A Crônica: Colotal e os três ex-moradores da Rua Maria Carolina — Andreia Donadon Leal

Andreia Donadon Leal

 

Colotal e os três ex-moradores da Rua Maria Carolina

Andreia Donadon Leal

 

MARIANA [ ABN NEWS ] — Era para ser um fim de semana como outro qualquer, de puro deleite de não ter que cumprir horários rígidos ou cargas horárias da labuta diária. Final de semana marcado para encontrar familiares na casa da matriarca. Nada de nostalgia, pois tínhamos privilégio de promover encontros com irmãos, sobrinhos, cunhados e amigos, na casa 208, sem impeditivos de ordem maior. Mas aquele final de semana anunciava cheiro de flores. Se bem que a chegada da primavera tem compromisso em liberar fragrâncias adocicadas no ambiente urbano. A explosão de pétalas de rosas adolescentes enchia olhos e olfato. Final de setembro: despejamento de águas brandas ou severas do céu; ora frio, ora calor. Indefinições de temperaturas, que certamente tinham seus arranjos democráticos lá do alto, para surgirem com objetivo de participarem da estação florida.

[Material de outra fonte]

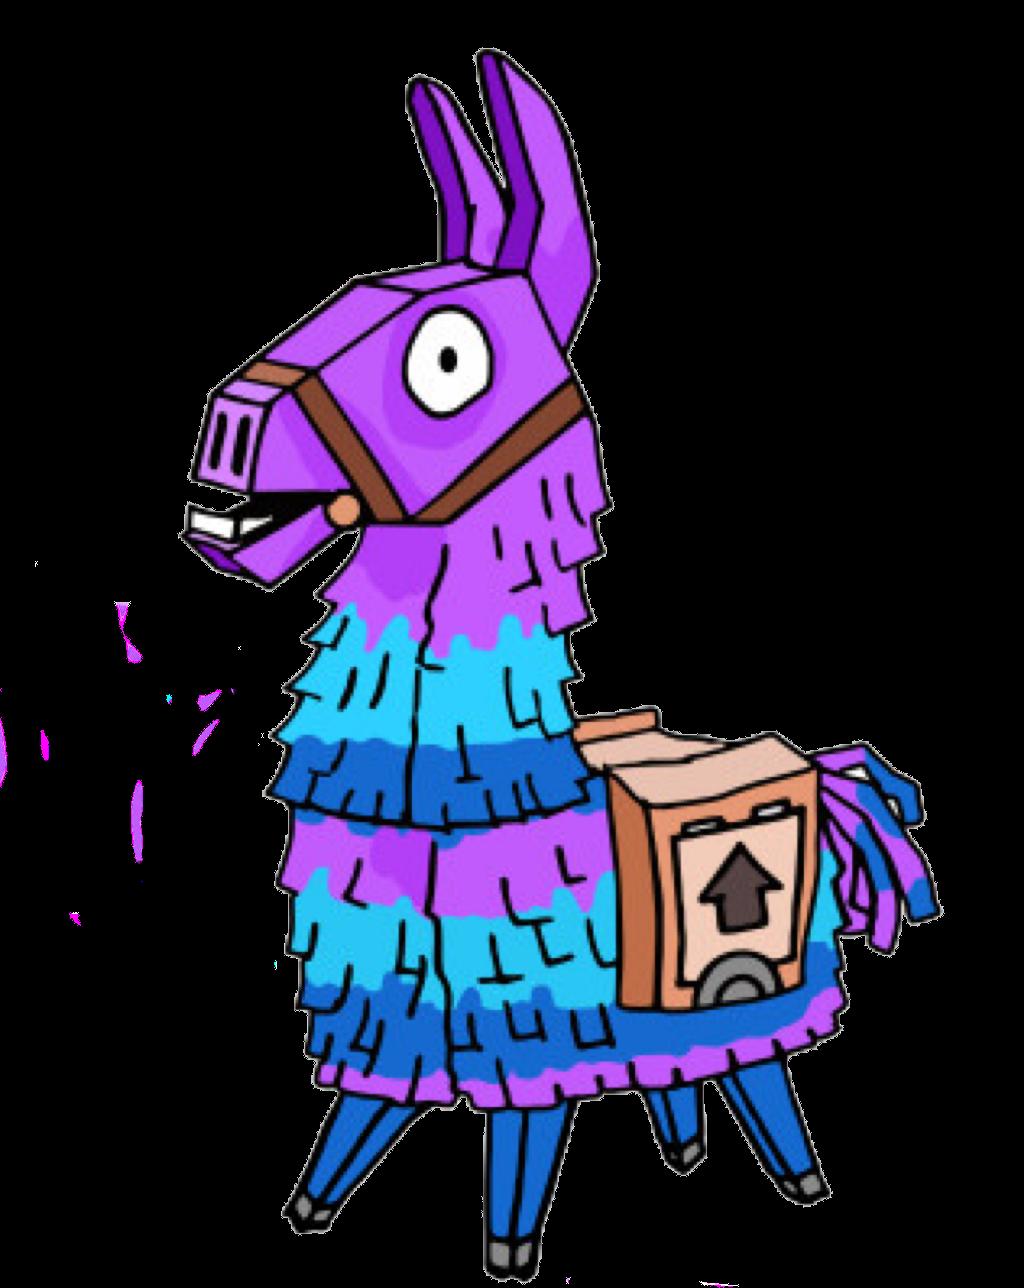 Loot Llama From Fortnite Llama Loot Lootllama Fornit Llama Pictures Llama Drawing Art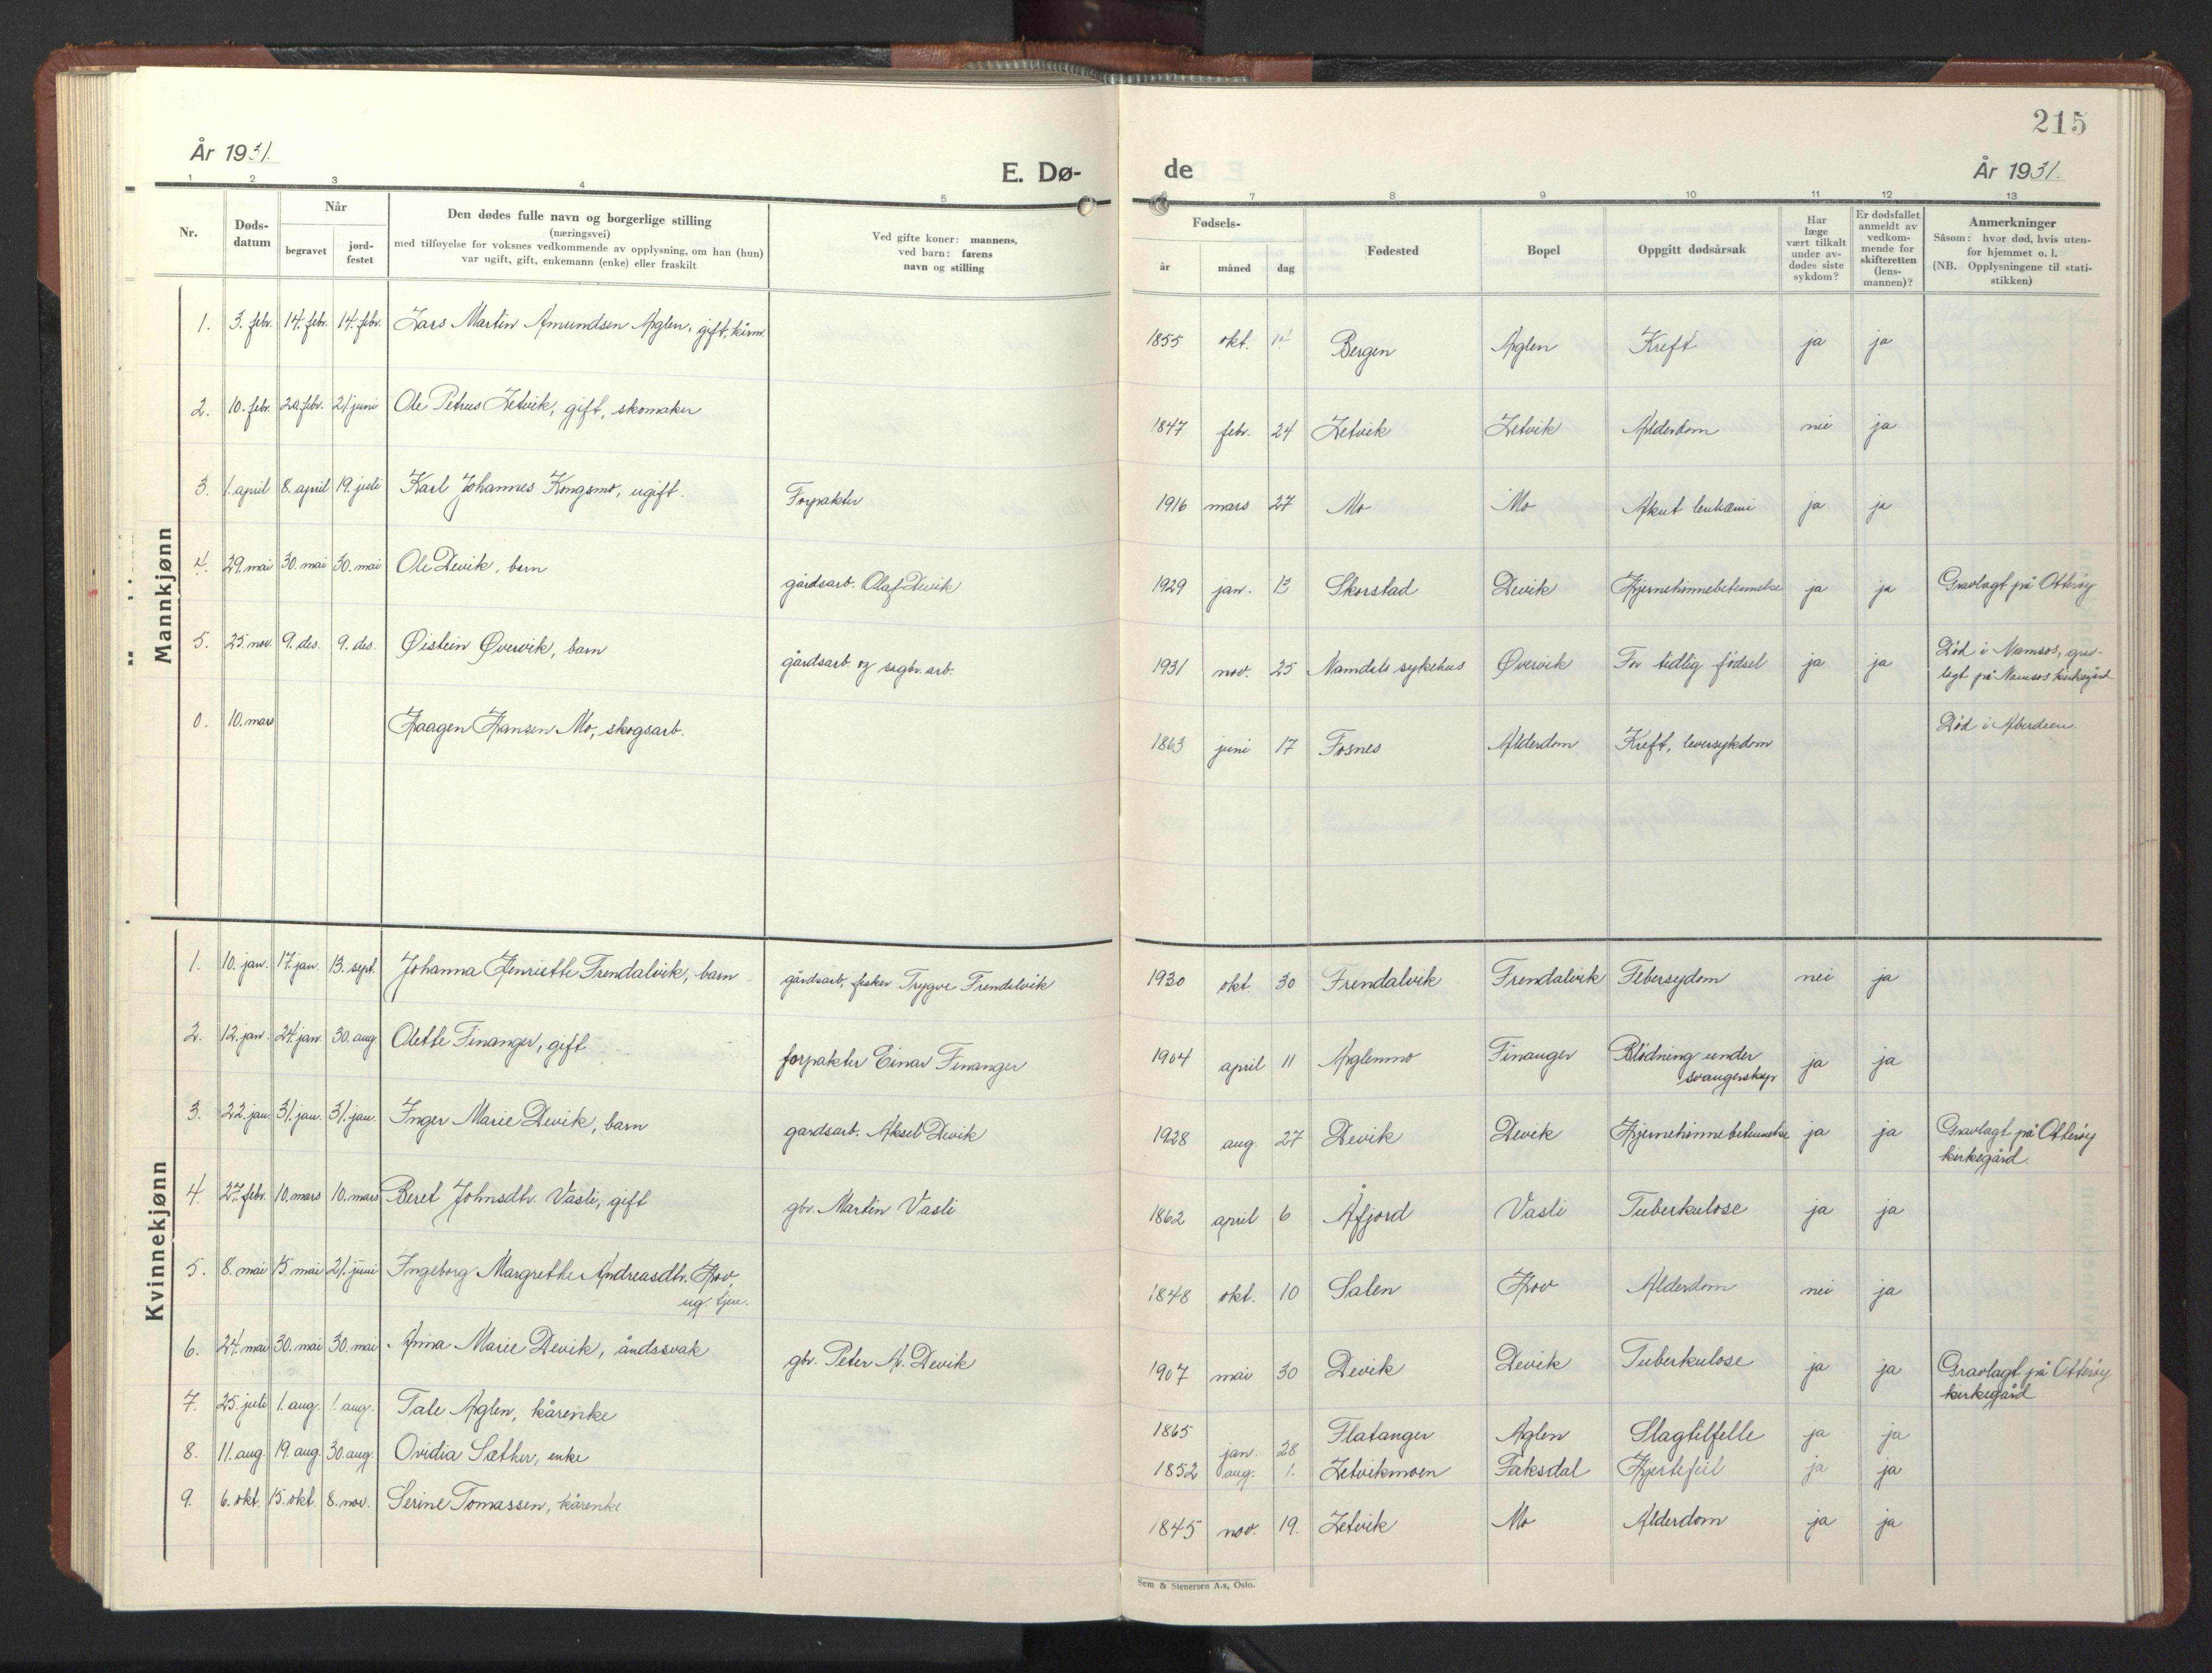 SAT, Ministerialprotokoller, klokkerbøker og fødselsregistre - Nord-Trøndelag, 773/L0625: Klokkerbok nr. 773C01, 1910-1952, s. 215

E nesse final de semana de revezamento de temperaturas e explosão das primeiras flores, cheguei à cidade, com roupas e livros na mala, preparada para visitar algumas casas da Maria Carolina. Mirei moradias que, desde minha infância, frequentei, com deleite abençoado da melhor amizade. As contíguas, do lado esquerdo e direito da casa de mãe, vazias. Nenhuma alma viva, falante, gritante a contar como foi o dia. Amanheci em processo de nostalgização. Não, não, as outras não estão vazias! Nem todos se mudaram porque morreu algum ente da família. Alguns porque os filhos cresceram, tomando seus rumos, outros porque ficaram viúvos. Lembrei-me de três ex-moradores; homens magníficos e esplêndidos, com formas peculiares de viver. Simples pais de família, trabalhadores, fortes, cada um com trajetória específica. Amigos que se sentavam no banco de ferro chumbado na casa dos compadres, para trocarem culminâncias do dia. Assim se chamavam Didi, Vicente e Geraldo, moradores daquela rua. Olhei o banco, agora ocupado por um dos mais conhecidos e populares moradores da cidade, João L. Valentim, vulgo Colotal; vestido com antigo uniforme e boné da Polícia Militar, apito, com crachá de identificação; fumando seu costumeiro cigarro de palha. O cidadão assoviou ao me ver parada, mirando as casas, com olhar perdido e avoado.

“Ô, morena! Morena”?

“E aí, João? Falei avoada.

“Tá diminuindo cada vez mais, né?”

João sempre me chamou assim. Após três décadas transcorridas, pensei que ele havia se esquecido de minha pessoa. Poderia ser artimanha de sempre, pois costumava chamar todas as moças dessa forma.

“O que tá diminuindo, João?”

Caminhei para perto dele, sentando-me ao seu lado no banco chumbado.

“Ué! Tá maluca, morena? Outro dia morreu Vicente. Homem bom, sempre me deu café. Mas depois que se mudou daqui, foi rapidamente lá pra cima. Tá vendo lá? – Apontou para o céu – A mulher dele se mudou daqui; casa tá vazia. Não se lembra? Tá maluca?”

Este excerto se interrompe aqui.